My firewood/log supplier found this log recently and I'm kind of stumped on what it is.. Any help would be appreciated.


----------



## JR Custom Calls (Jan 3, 2015)

What color is the heart?


----------



## GeauxGameCalls (Jan 3, 2015)

Red or purple. Didn't have anything to clean it up


----------



## Nature Man (Jan 4, 2015)

Any leaves available to view? Chuck


----------



## GeauxGameCalls (Jan 4, 2015)

No leaves it was just a cut log. I do have a bark picture though.. 


 



Nature Man said:


> Any leaves available to view? Chuck


----------



## NYWoodturner (Jan 4, 2015)

It is a hollow form tree :)

Reactions: Agree 1


----------



## barry richardson (Jan 4, 2015)

I'm taking a wild guess and saying some sort of pine... never seen any with red heartwood, but the bark and straight trunk say pine, any pine smell?


----------



## DKMD (Jan 4, 2015)

Could be Lebabnon cedar... Just a WAG!


----------



## JR Custom Calls (Jan 4, 2015)

Looks pretty dang similar to this cedar log -








Dang... @DKMD posted at the same time as me


----------



## Kevin (Jan 4, 2015)

It isn't pine or cedar IMO. However I'm not familiar with Lebanon cedar at all other than how beautiful of a tree they are so maybe Doc has it right. 

I wonder if it could be cedar elm. Color isn't quite right for that though.


----------



## Tony (Jan 4, 2015)

The bark doesn't look like cedar to me, at least none I've ever seen. Tony


----------



## phinds (Jan 4, 2015)

Are you going to mill it or have it milled? With some face grain we might have a better shot at an ID. OR ... if you want to cut off a chunk and clean up the end grain and post a close-up pic, that might also pin it down.


----------



## GeauxGameCalls (Jan 4, 2015)

phinds said:


> Are you going to mill it or have it milled?

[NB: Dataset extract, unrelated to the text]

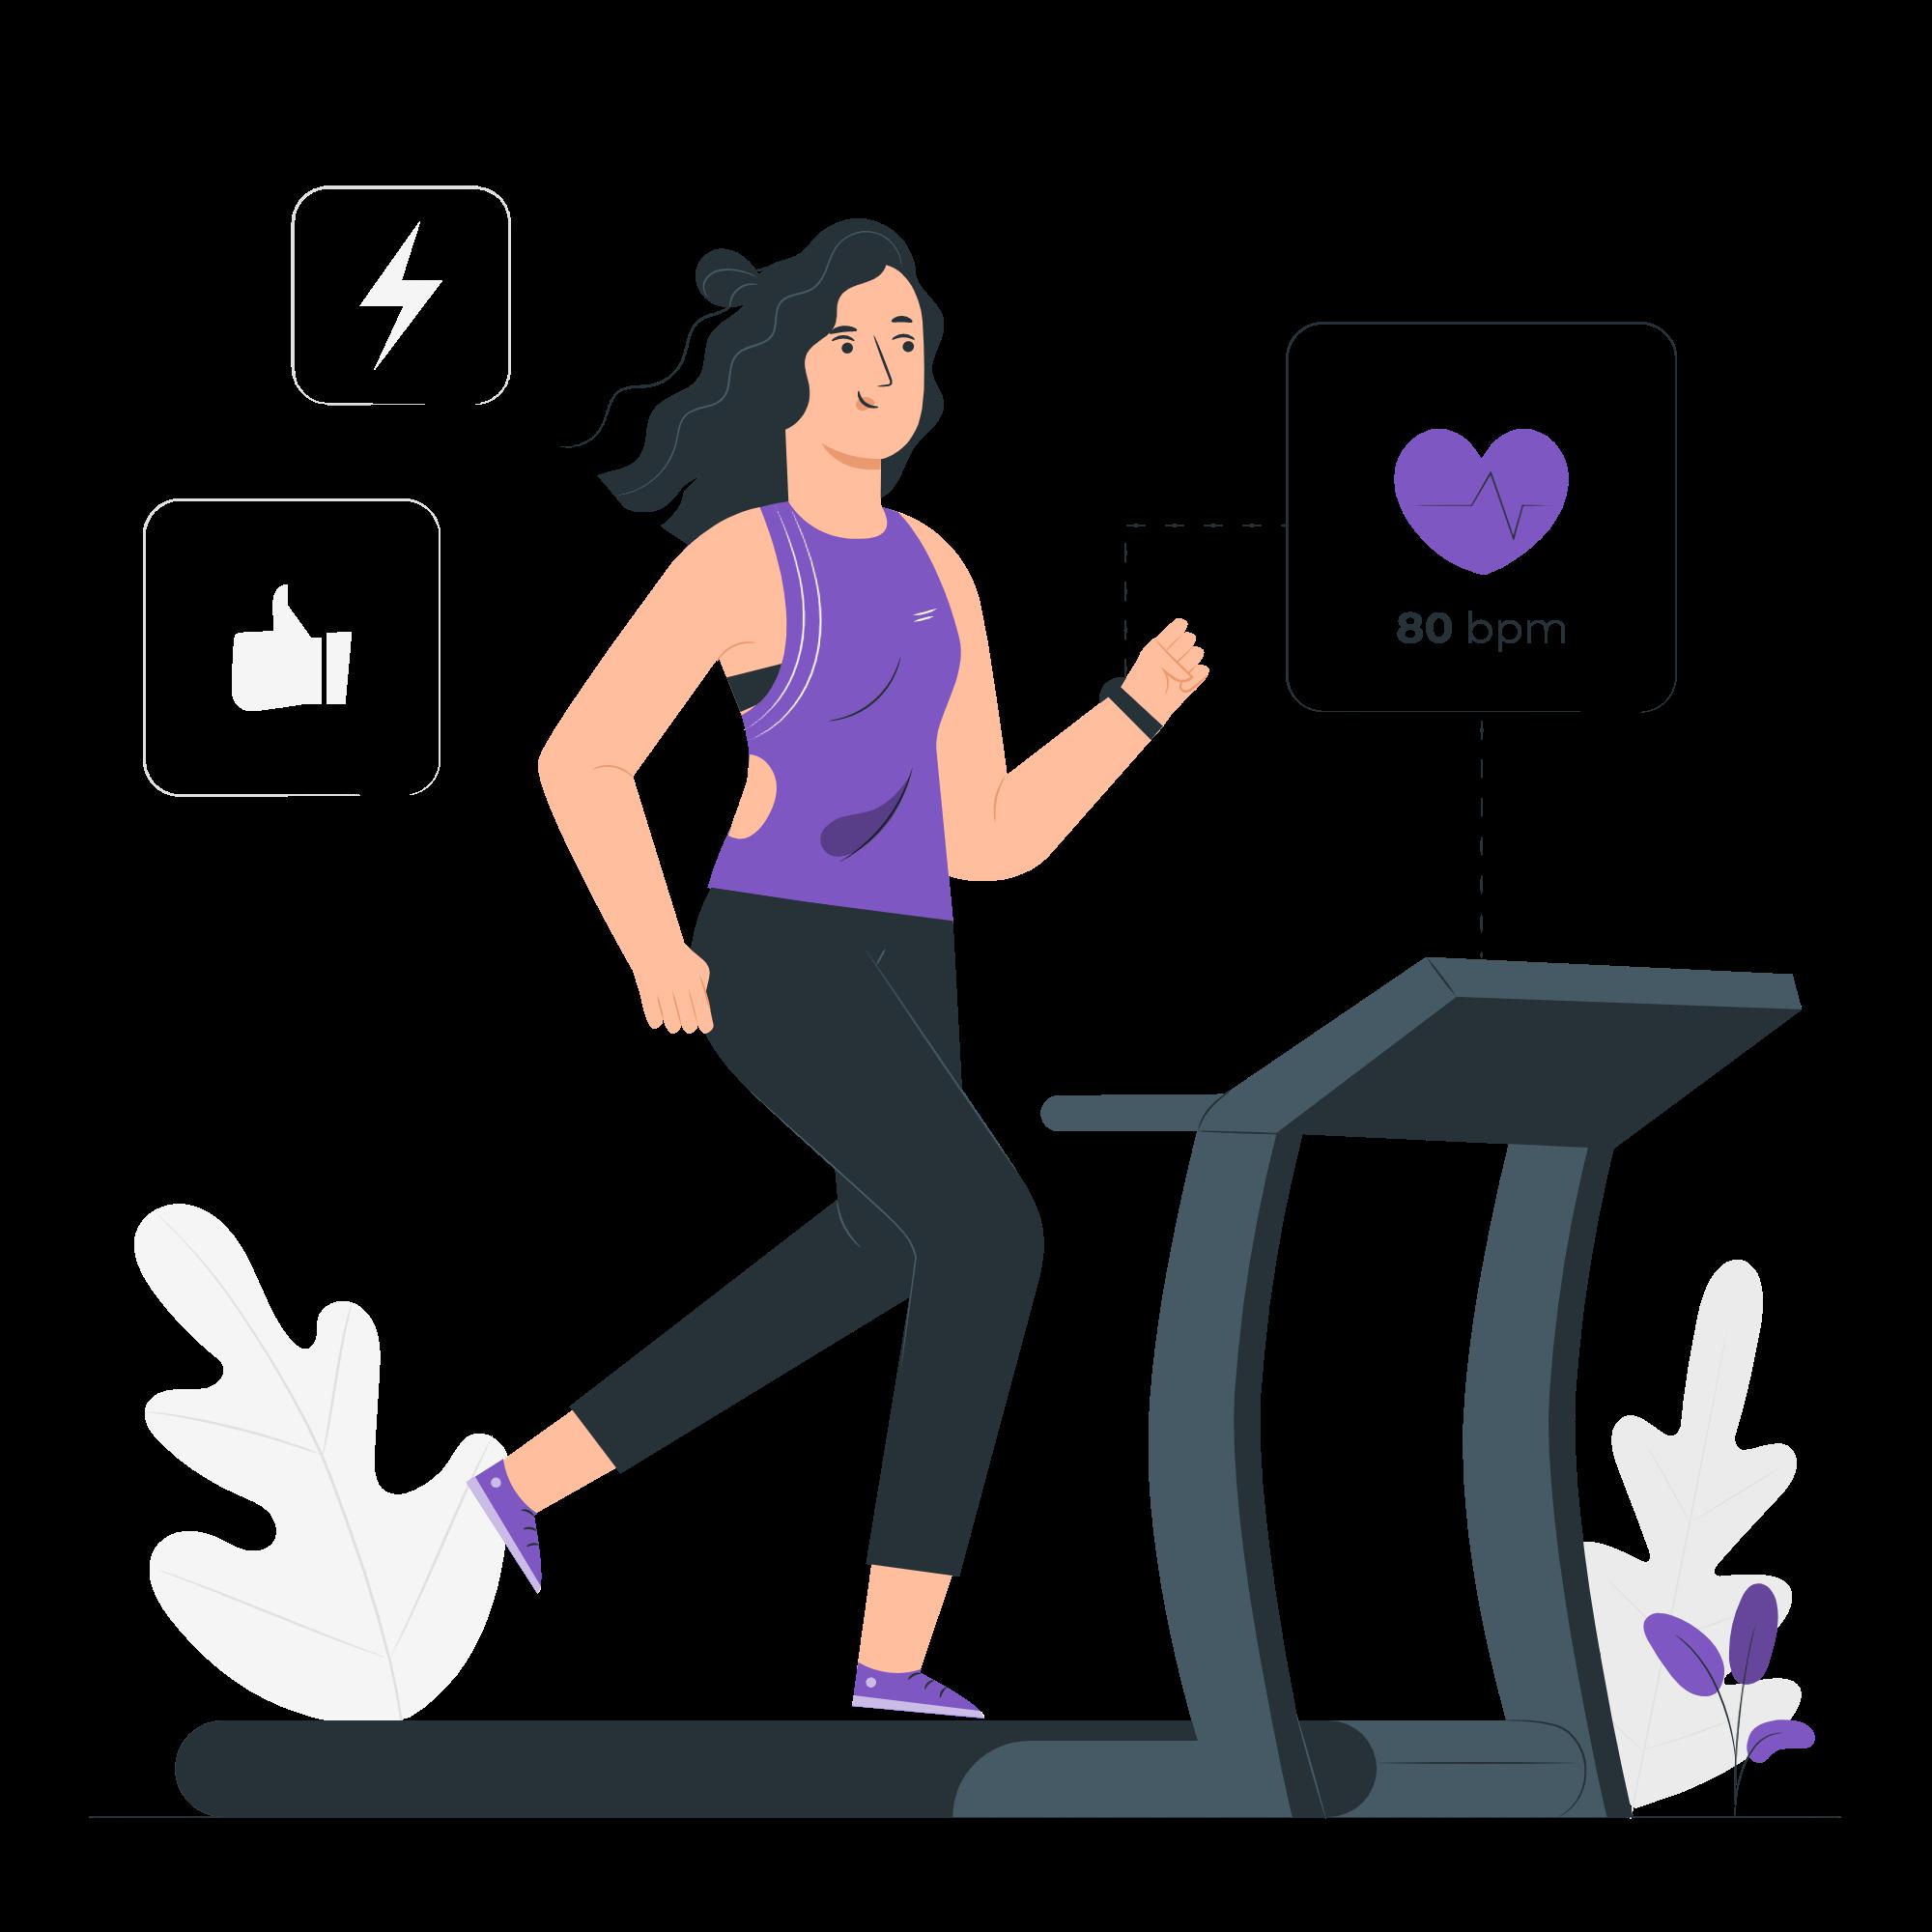 Rental business idea 1: fitness equipment

With some face grain we might have a better shot at an ID. OR ... if you want to cut off a chunk and clean up the end grain and post a close-up pic, that might also pin it down.



I will mill it into turning blanks but it may be a couple weeks. I will get your pics for you though


----------



## phinds (Jan 4, 2015)

GeauxGameCalls said:


> I will mill it into turning blanks but it may be a couple weeks. I will get your pics for you though


We're in no hurry if you're in no hurry


----------



## Kevin (Jan 5, 2015)

phinds said:


> With some face grain we might have a better shot at an ID.



First he says _"Gimme some end grain damnit!"_ Now he says _"Gimme some face grain damnit!"_ geez Paul make up your mind. 

\

Reactions: Funny 2


----------



## phinds (Jan 5, 2015)

Kevin said:


> First he says _"Gimme some end grain damnit!"_ Now he says _"Gimme some face grain damnit!"_ geez Paul make up your mind.
> 
> \


GIMMY BOTH DAMMIT ! And throw in a pizza while you're at it.

Reactions: Funny 4


----------